The Senate still must approve the legislation before it can head to President Obama's desk. With just more than a month to go before the reduction takes effect, organized medicine and other health policy organizations called on the upper chamber to revisit the issue soon.

"The AMA urges the Senate to act quickly before the cut begins on Jan. 1," said American Medical Association President J. James Rohack, MD. "Fixing the Medicare physician payment formula once and for all is an essential element of comprehensive health reform."

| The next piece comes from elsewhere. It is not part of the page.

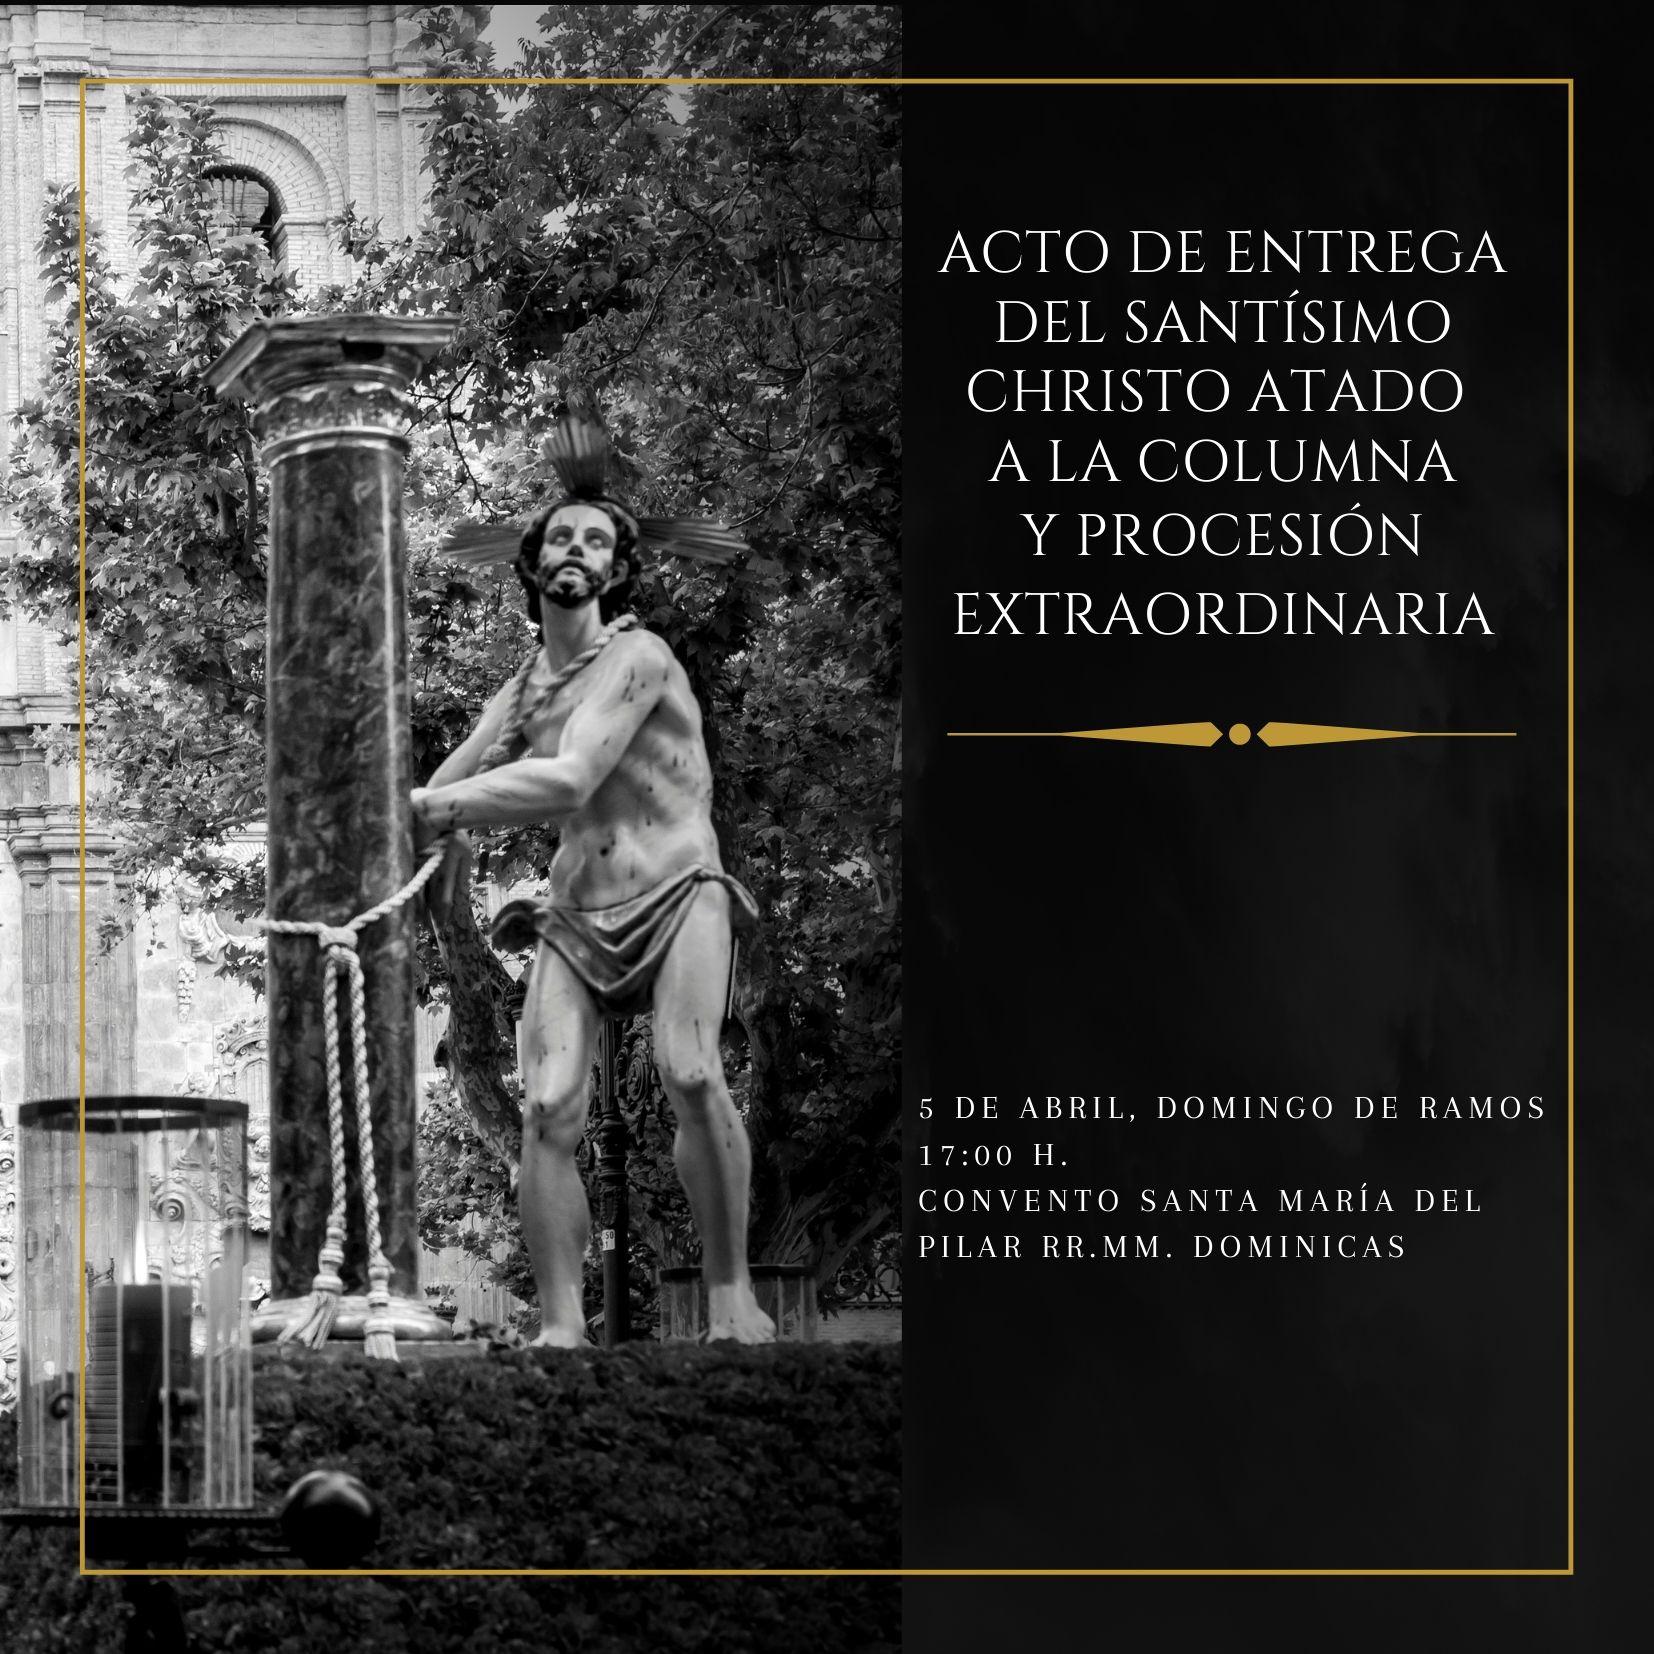 Acto De Entrega Del Santísimo Christo Atado A La Columna Y Procesión Extraordinaria

The Senate, meanwhile, set the stage for a floor debate on a comprehensive health system reform bill unveiled by Democratic leaders on Nov. 18. That bill contains only a one-year payment patch. On Nov. 21, the Senate voted 60-39 on a motion to consider the bill, the Patient Protection and Affordable Care Act, a procedural move that required 60 votes for approval. Full Senate floor debate will start after a Thanksgiving break, with the goal of passing the bill by Christmas.

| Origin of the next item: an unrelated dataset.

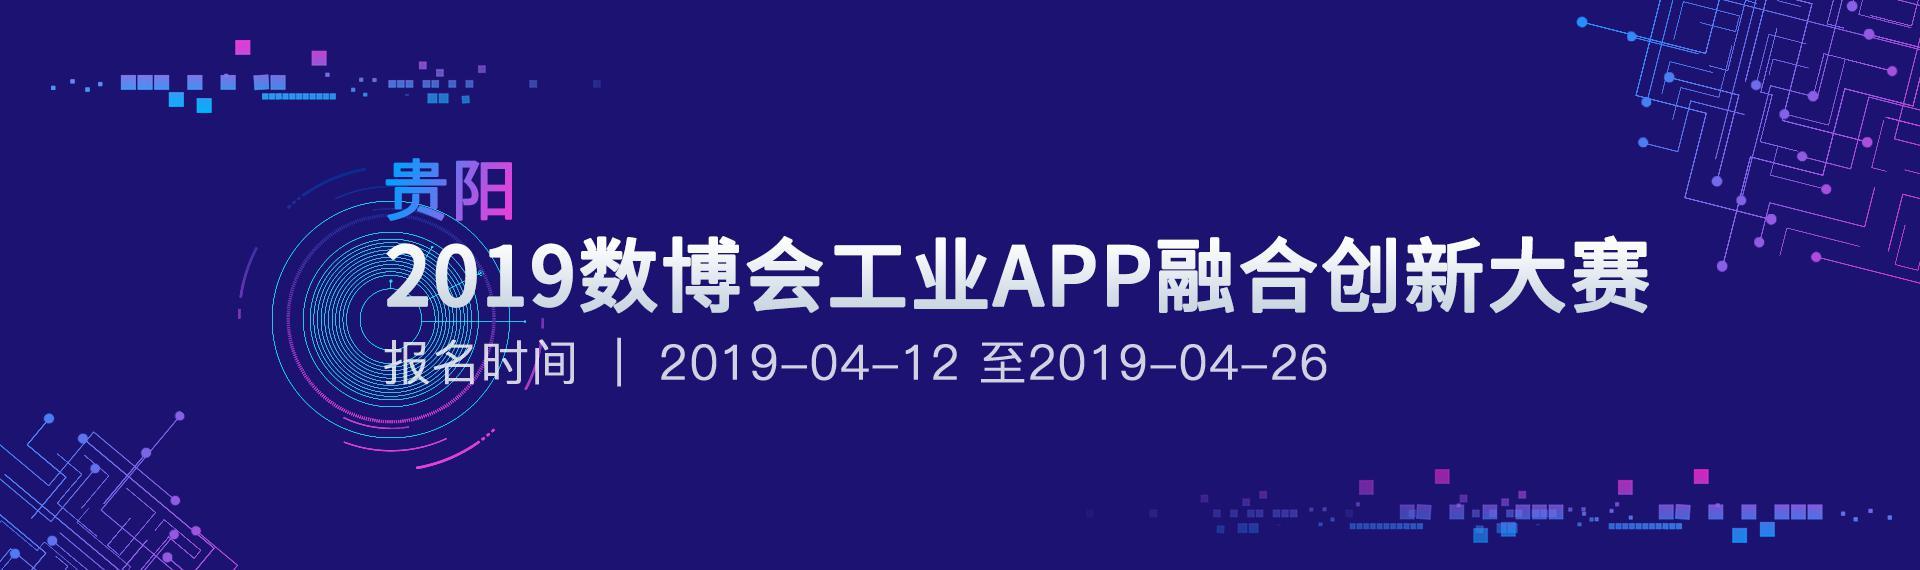 2019数博会工业APP融合创新大赛

Some observers expressed optimism that the Senate also would act on long-term Medicare pay reform before the end of the year.

"Congress has long recognized that the current payment formula is fatally flawed, but in past years has only managed to apply a legislative Band-Aid and avert the pay cut scheduled for the following year," said Joe Baker, president of the Medicare Rights Center, a national, nonprofit consumer service organization. "We are confident that Senate Majority Leader Harry Reid will make good on his pledge and have the Senate again take up a long-term fix to Medicare's formula for paying doctors."

But some said it's more likely that Congress once again will enact only a temporary solution. "It probably won't get done this year, but it's likely that some type of [long-term] legislation will be put through later next year," said Paul Ginsburg, PhD, president of the Center for Studying Health System Change, a nonpartisan policy research organization.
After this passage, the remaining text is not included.